If the barley inside your fence goes to seed, the vegetables die, the fruits rot, and the sheep and goats get sick, it signals you have grabbed more than you can care for, more than you can use; and therefore that you're greedy. 

It's "useless" and "dishonest," Locke says, to grab more than you can tend to or consume.

Although he's been dead for three centuries, Locke would be the first to say the modern Republican Party is the party of despoilers, robber barons, and greedy sinners.

But you knew that.

Sign of the Times


Today's Sabre outage, which halted many departures at major US airports, riled a lot of passengers.

My local newscaster kept pronouncing "outage" as "outrage," claiming there was an "outrage at airports nationwide."

Sign of our times?

Wednesday, May 19, 2021

Hard to Please


People who are hard to please, in other words, idiots.

― Marty Rubin

In today's New York Times, Harvard professor Dr. 
Sema Sgaier profiles the four types of Americans who resist the Covid-19 vaccine and suggests we mollycoddle them. To which I say screw that.

Sgaier surveyed 17,000 Americans and places the vaccine-avoiders into four categories:

Covid Skepticsthe idiots who think the vaccine is a Chinese plot. "Everyone in this group believes at least one conspiracy theory," Sgaier reports.

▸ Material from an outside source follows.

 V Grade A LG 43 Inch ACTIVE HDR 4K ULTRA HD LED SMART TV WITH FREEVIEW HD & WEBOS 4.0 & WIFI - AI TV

The Cost-Anxious—the idiots who worry about the vaccine's cost (it's free, of course).

System Distrusters—the idiots who feel maligned by doctors.

The Watchful—the idiots who are waiting for other idiots to get vaccinated first.

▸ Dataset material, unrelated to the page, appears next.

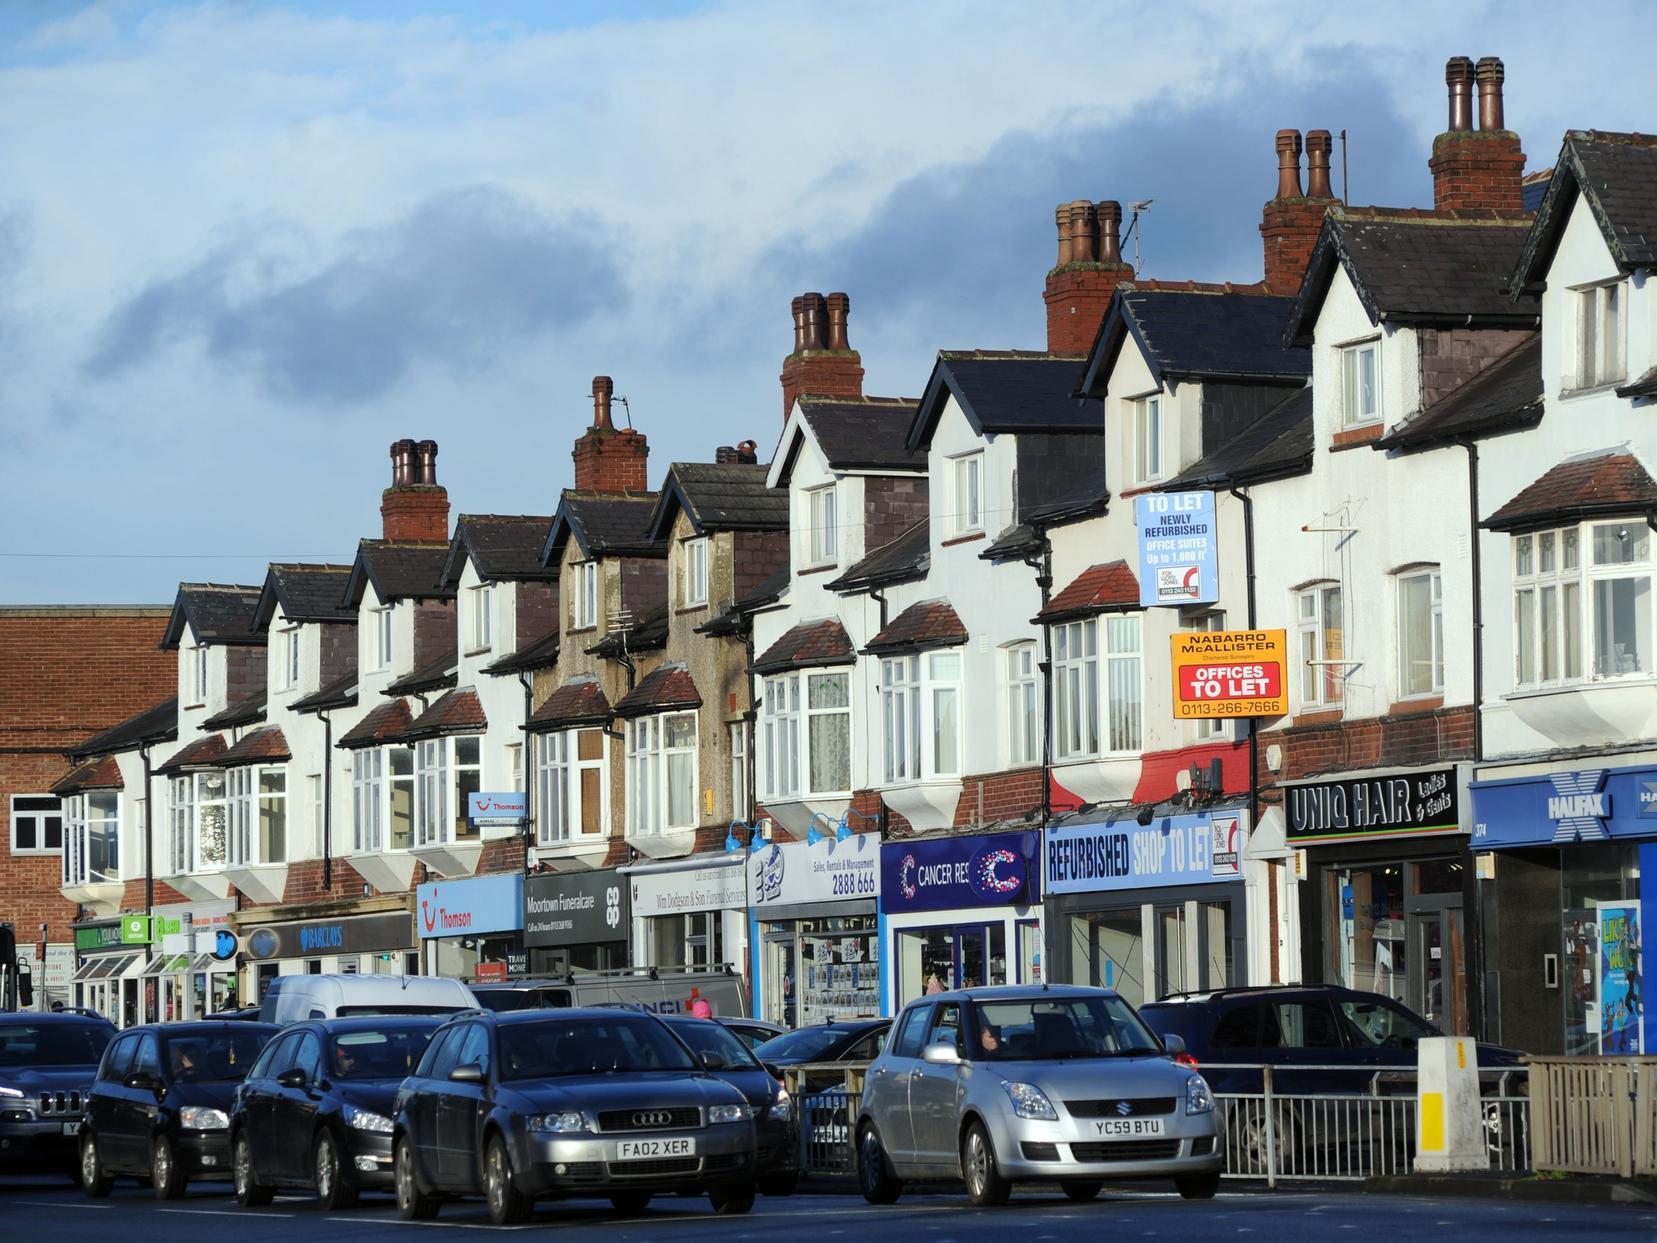 The average house price in the area is 281,000

The good doctor recommends four ways to deal with the wretches: we should "hold conversations" with them; "offer them a "vaccinate later" option; "be transparent" about the vaccine; and "avoid trying to debunk what they believe" and instead "acknowledge how they feel."

That kid-glove approach sounds like good psychology. It may even be smart public health.

But we're talking about idiots here, and lots of them; in fact, 38% of Americans are idiots, according to Sgaier's survey. That's too many adults to mollycoddle, if we want to survive the "Commie threat from China."

"When it comes to idiots, America's got more than its fair share," Lewis Black once said. "If idiots were energy, it would be a source that would never run out."

Tuesday, May 18, 2021

I Can but I Won't


I'm as guilty as anyone of romanticizing the Greatest Generation.

But—just as millions of today's Americans are jerks about mask-wearing—many of the Greatest Generation were jerks, too.

Jerks about rationing.

Three months before Pearl Harbor, FDR signed an executive order intended to curb households' consumption of commodities. He knew they'd soon be in short supply. 

Commodities like cars, tires, gas, oil, coal, wood, towels, linens, clothes, shoes, meat, fish, catsup, mustard, butter, milk, cheese, coffee, sugar, jelly, shortening, canned fruits, canned vegetables, chocolate bars, candy bars, and bubble gum.

Americans were asked by their government to accept sacrifice—all for the good of the coming war effort. But millions never did. Millions hated rationing—as they did FDR—and cheated.

They cheated by stealing and counterfeiting ration coupons; buying coupons from relatives, neighbors, and the Mafia; hoarding goods; and buying them from bootleggers, black-marketers, and crooked merchants.

The Americans who complied with rationing, for the most part, ignored those who didn't, although one government official said the latter were "secretly in sympathy with Hitler or Hirohito."

Plus ça change.

Monday, May 17, 2021

A Nation of Neurotics


Neurosis is the inability to tolerate ambiguity.

— Sigmund Freud

What's wrong with everyone? 

Covid-19 is a moving target. 

The CDC's advice about shots, mask-wearing and social distancing merely moves in response.

Better and better news comes out every day.